As for Shackleford, I originally came to bury, not to praise him; but I have to say that he's grown on me. Personally, I think he's a more likely winner of the race than Animal Kingdom. (I agree with Dale Romans; it was a dumb, if jovial, remark by Barry Irwin to say he's more worried about Mucho Macho Man, who should be resting up for the late summer and fall at this point.) I counted this horse out after seeing him blow the Florida Derby to that dog Dialed In (easy for me to say now, but I did correctly toss him in both Triple Crown legs, one of the few things I got right about either race). But Shackleford held fairly well in the Derby; his slow pace was a double-edged sword, allowing others to stay close yet save their closing kicks. And sure, he slowed down considerably in the second half of the Preakness. But he showed the ability to stalk the pace and win, continued his improvement on the Beyer scale (though I'm a bit skeptical of the Preakness figs), and hey, he didn't get caught, did he?

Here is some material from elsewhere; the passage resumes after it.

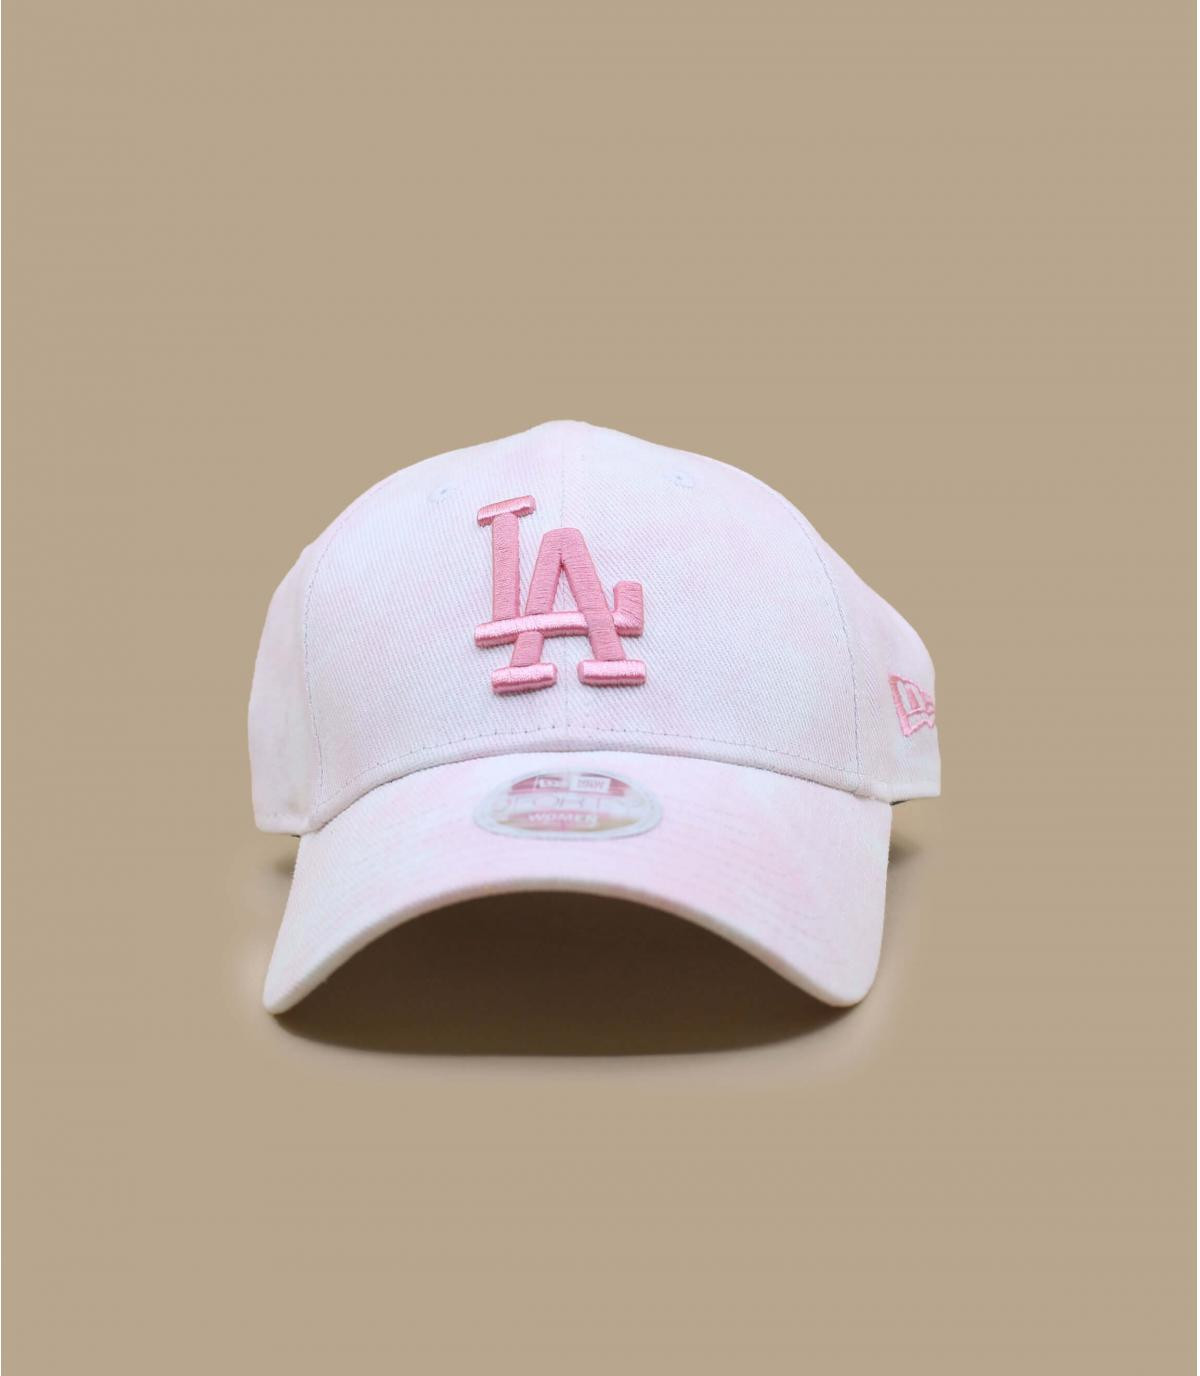 casquette LA blanc rose

- And sure, I'll talk about Anthony Weiner. I actually live in his district, so I've (surprise!) voted for him for each of his Congressional terms. And I've always loved the guy. The Democrats need people like him who are willing and unafraid to address the lies and hypocrisy of the Republican party in the incredulous and caustic tones which they rightly deserve. Now, it turns out that Weiner is a liar too. Well,for one thing, at least he's not a hypocrite. I imagine his wife would disagree with that remark; but I'm referring to the Republicans caught in similar, or worse, situations who had previously tried to impose their idea of family values on the electorate even as they had none themselves.

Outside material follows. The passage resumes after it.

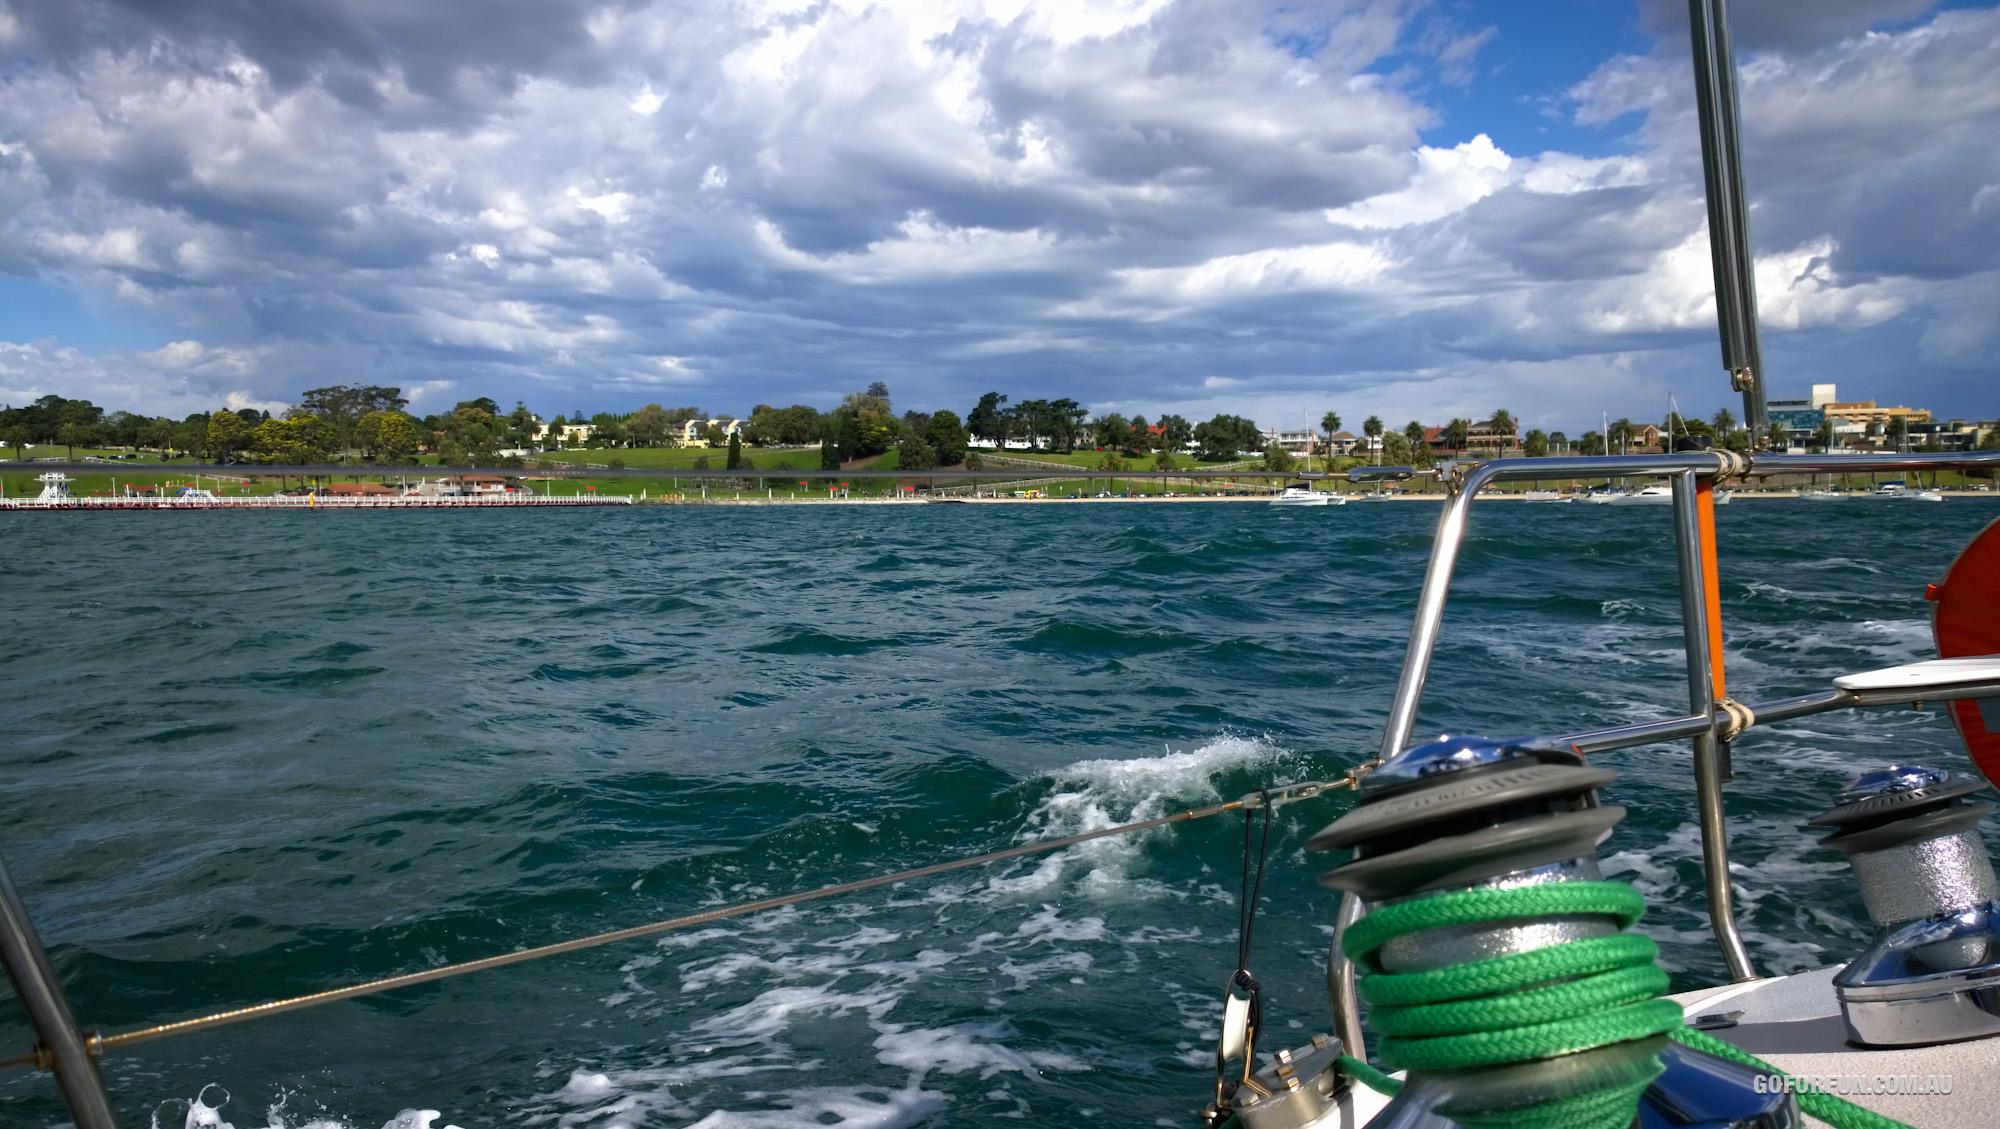 WP_20170408_13_27_13_Pro__highres_royal-geelong-yacht-club-sailing-sailboat-yacht-racing-australia-corio-bay-melbourne-victoria

But I suppose that's a minor distinction. Stupidity is a bipartisan trait. Weiner is supposed to be a 'technophile,' yet he really thought he wouldn't at some be exposed (in his underwear or not)? And, as is usually the case, the coverup was worse than the crime, whether there was one in the technical sense, or not. I could care less what he does with his Twitter account; and, contrary to the spirit of some of the comments I've gotten, I don't really much care about comparable personal indiscretions of any political stripe. While I've called them idiots, I've never demanded they resign no matter what the party. And in fact, I wrote the following in the case of the Republican Chris Lee, which also sums up my feelings about the reaction of the press and public to this current affair as well.

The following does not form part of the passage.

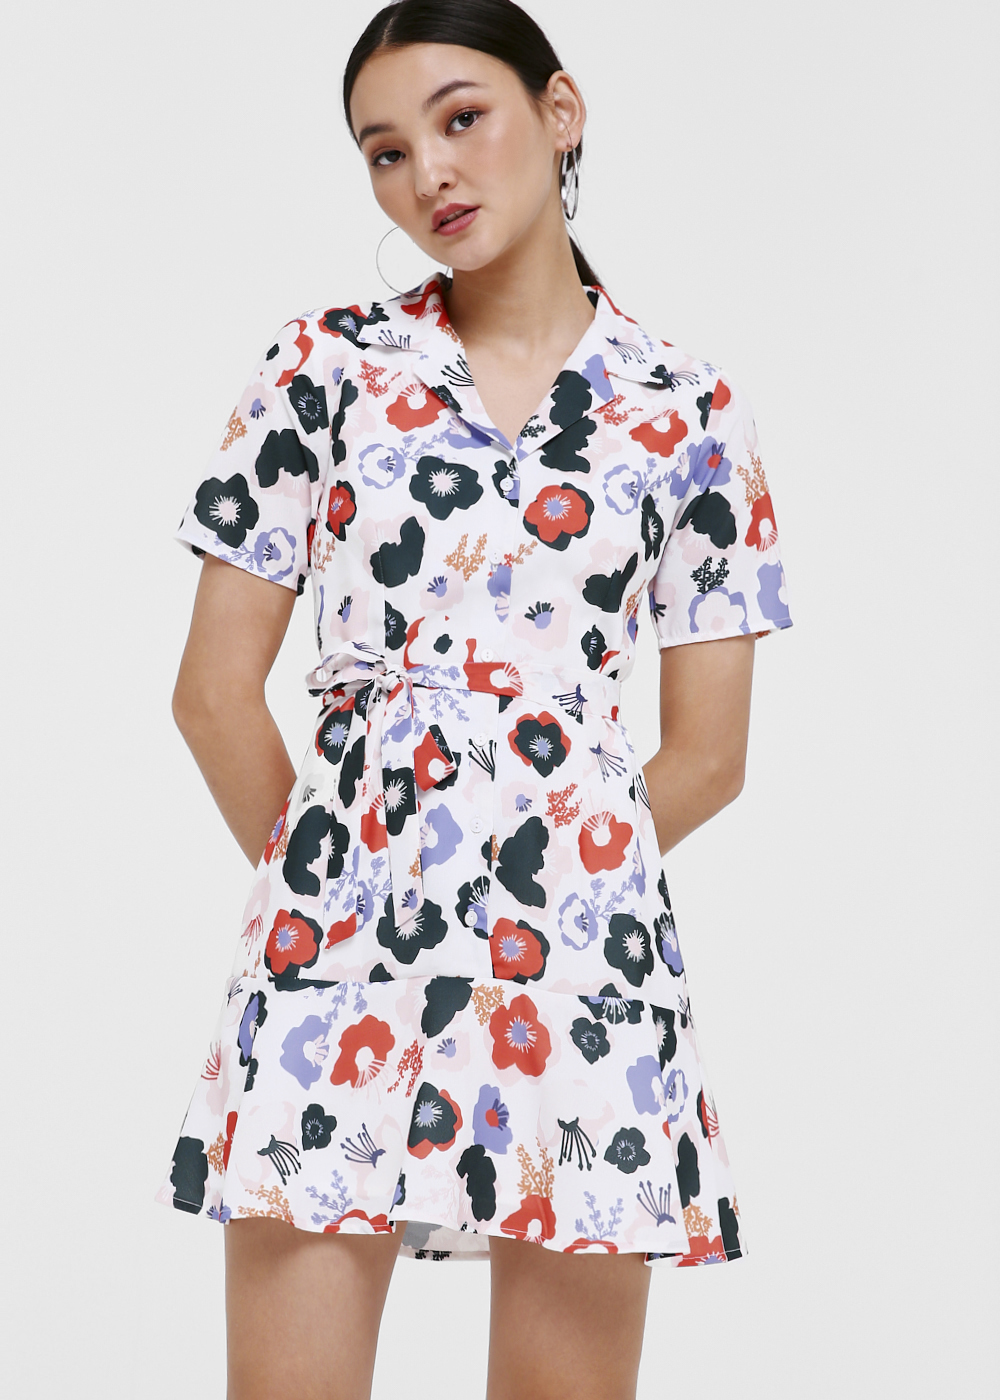 Kenia Sash Tie Shirt Dress in Anemone Bloom

What an idiot. However, on the other hand, I find the current environment in which everyone and anyone's private affairs are subject, at the slightest slip, to this kind of viral hysteria to be chilling and disturbing. A site like Gawker could just have easily told the woman who sent the photo and emails, thanks, but no thanks, it's really none of anyone's business. And it's not news. Because it's really not...It's just cheap titillation for a society with seemingly nothing better to do but spend mindless hours sitting in front of computers and smartphones texting and twittering about absolutely nothing. They should try going to the track.Hopefully, enough people will be able to put this matter aside and focus on a big day at the races on Saturday.
(And yes, though I do not think that Weiner will survive this, I would, under certain circumstances surely consider voting for him again.)